Das Telefon läutete. Es wurde nicht gleich erhört, was den Anrufenden fast wahnsinnig machte vor Spannung. Es dauerte noch einige Zeit, dann endlich wurde der Hörer abgenommen und Connors etwas herrische Stimme meldete sich:

"Hallo?"

"Ist Leif bei dir?", fragte es gleich aufgeregt zurück und der Befragte musste sich erst einmal fassen ehe er überhaupt wusste, wer am anderen Ende der Leitung war.

"Vicky? Bist du das?"

"Ja, natürlich bin ich es! Wo ist Leif?", Victoria war nicht in der Stimmung lange mit ihm herum zu diskutieren.
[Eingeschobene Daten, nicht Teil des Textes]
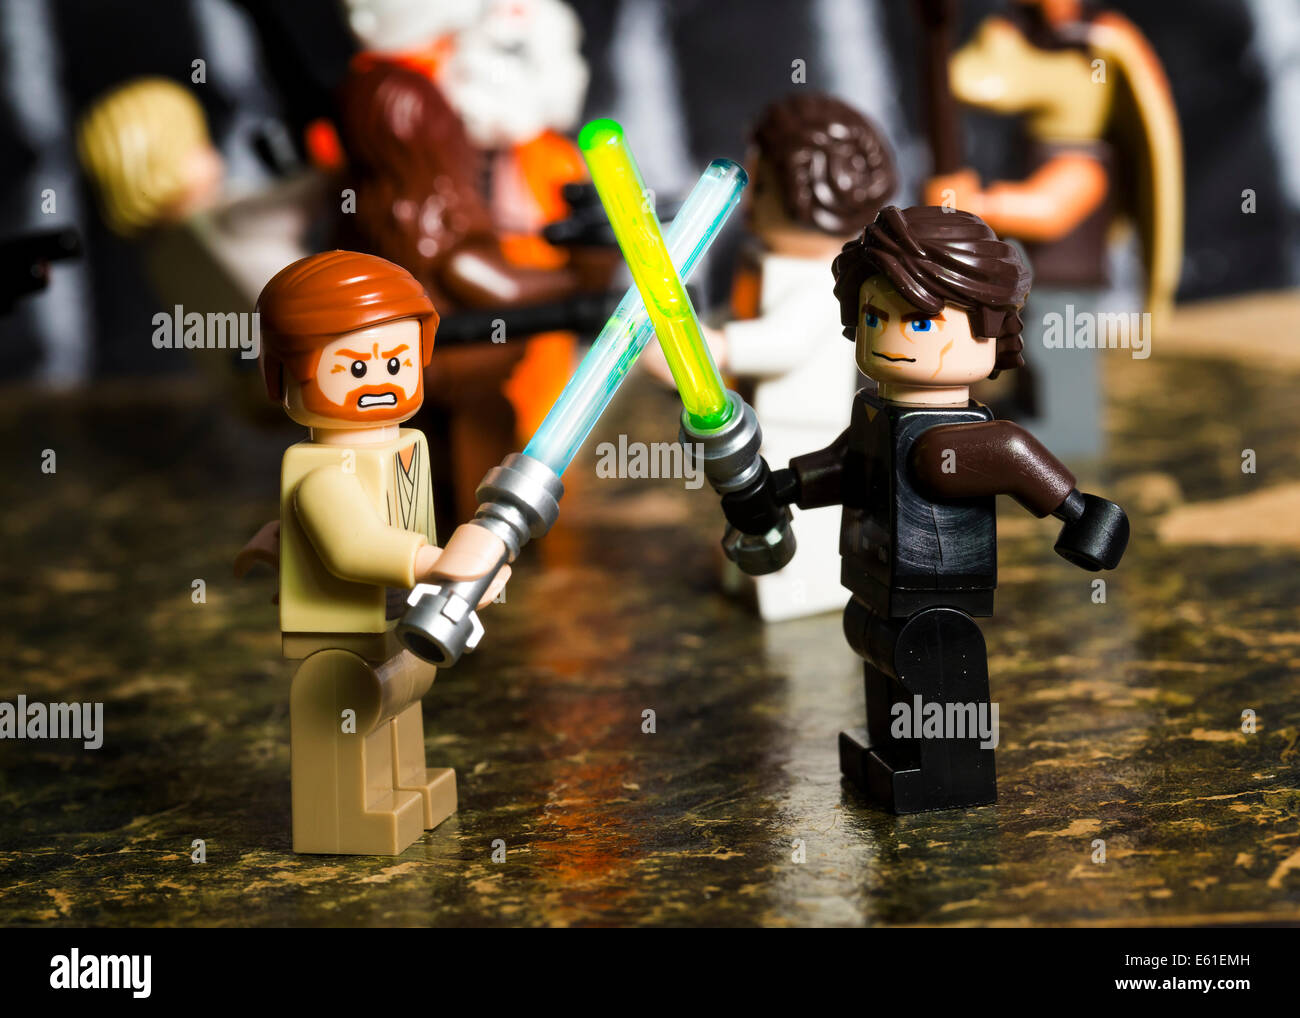 Lego Star Wars figuras de Obi Wan Kenobi y Anakin Skywalker, uno frente a  otro con lightsabers. Otras figuras detrás Fotografía de stock - Alamy

"Ist schon um halb fünf von hier verschwunden. Ich dachte, er wollte zu dir?"

"Da war er auch. Aber er wollte noch dieses scheiß verdammte Regal aufbauen und ist noch mal zurück gefahren."

"Also hier ist er nicht wieder gewesen.", gab der schwarzhaarige Vampir verwundert zurück.

"Wo kann er denn nur sein?", wollte Vic verzweifelt wissen.

"K-keine Ahnung", stotterte Connor ratlos, "Vielleicht hat er irgendwo angehalten und wartet, dass der Regen nachlässt."

Er sah kurz aus dem Fenster.

"Ist echt ein Leichtsinn bei solchem Wetter überhaupt außer Haus zu gehen.", meinte er noch hinterher.

Victoria schwieg eine Weile und sagte dann beklommen:

"Du wirst hoffentlich Recht haben. Danke für deine Hilfe. Ich melde mich, wenn er wieder hier ist. Bis bald."

"Bye."

Es tutete an der anderen Leitung und auch Connor legte den Hörer auf. Seufzeng kratzte er sich am kopf und schritt wieder in den Raum, aus dem er gekommen war. Es war sehr finster in ihm gewesen, aber es störte Connor nicht. Er konnte sogar von sich sagen, dass seine Sicht um einiges besser war, wenn das Licht seine Augen verschonte. Eine Gestalt befand sich dort drinnen. Sie saß zusammengesunken auf einem Sessel und hatte den kopf nach einer Seite gelehnt.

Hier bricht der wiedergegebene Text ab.